Black roiling clouds bled through the sky, lightning forking in all directions and the boom of thunder so loud, I felt it to the center of my bones. It stole my ability to take a breath for just a moment.
I looked around us. There was no place to take cover, n
o cave, and the trees were still being split by lightning.
I held my hand out over the ground and pressed it downward, using my connection to the earth to create a hollow space. “Get in.” I pointed to it and the three of us scooted inside. I pulled the ground around us, creating something of a nest.
Macy clung to me, and I, to her. Oka curled once more in my lap. The cloak was our only real cover against the sudden onslaught of hail the size of my fists.
“Ay!” Oka screeched as a smaller stone bounced off her nose.
“Hang on.” I lifted my head and wove a barrier above us, though the energy it took was more than draining. I was at the end of my reserves.
I held it as the storm raged, my body shaking as hard as the wind around us.
Oka stared up at me. “Pamela, you’re not going to last much longer. You can take energy from me.”
I shook my head. “I need you awake.”
“Macy!” I shouted her name to be heard over the wild storm far from easing off.
She looked up at me, her face streaked with tears. “What?”
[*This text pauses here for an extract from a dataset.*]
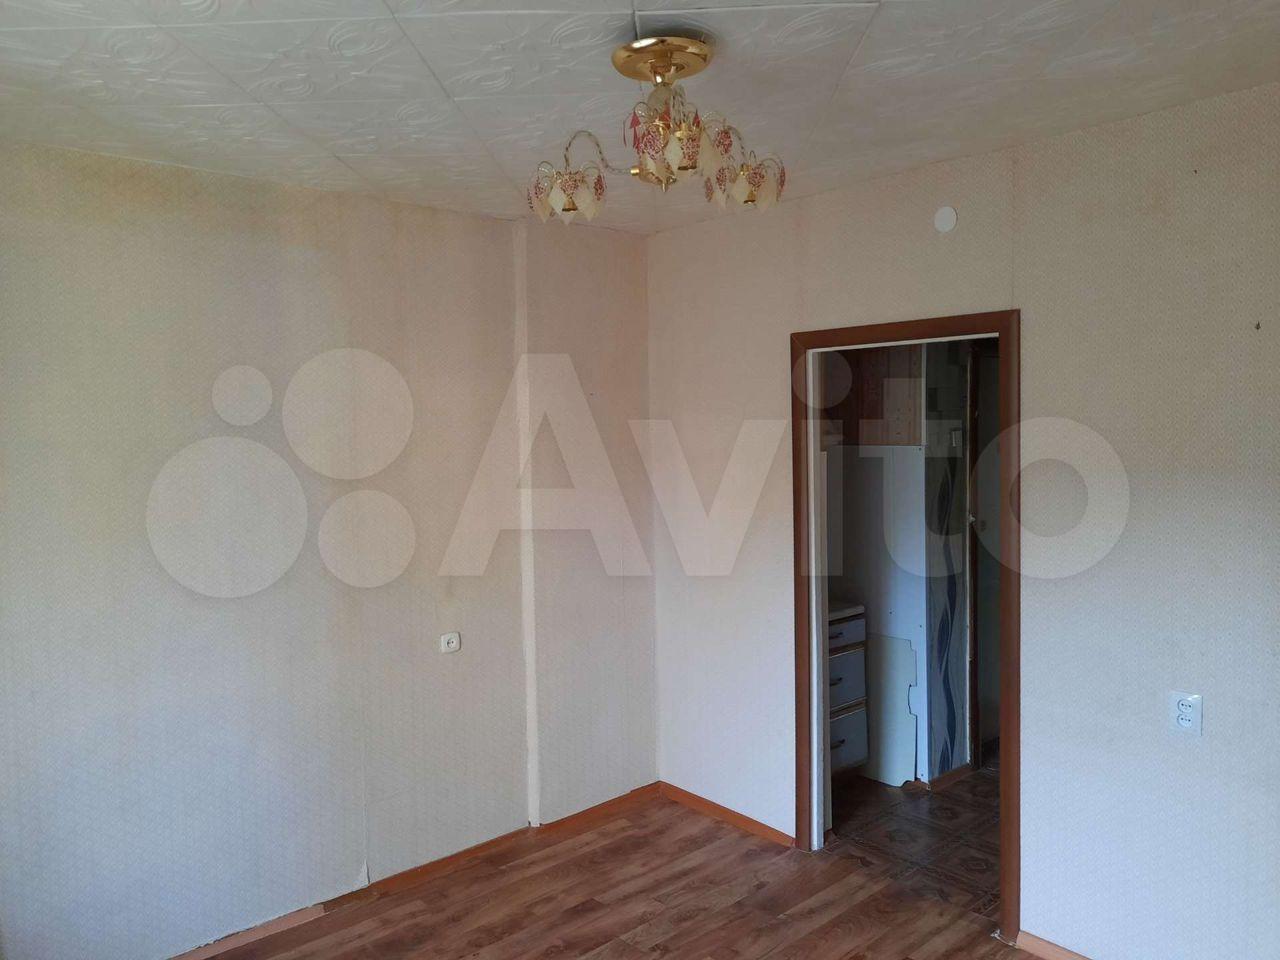 1-к квартира, 18 м², 3/5 эт.  89033487388 купить 3

“I might pass out.” Even as I spoke, the fatigue from running, using my magic, no food and little sleep burst over me in a rush that left me shaking. “I can’t hold this barrier for much longer.”
“What do you want me to do?” she yelled. I didn’t really know. But I had to give her a goal to keep fear at bay. I’d learned that as a youngster in this world. Goals kept you from realizing how bad your life was.
“Get to some sort of cover,” I said, and then I was sliding out of consciousness. The hail would pummel me into the ground; there was nothing else I could do, though. There was no way I could even get to my feet.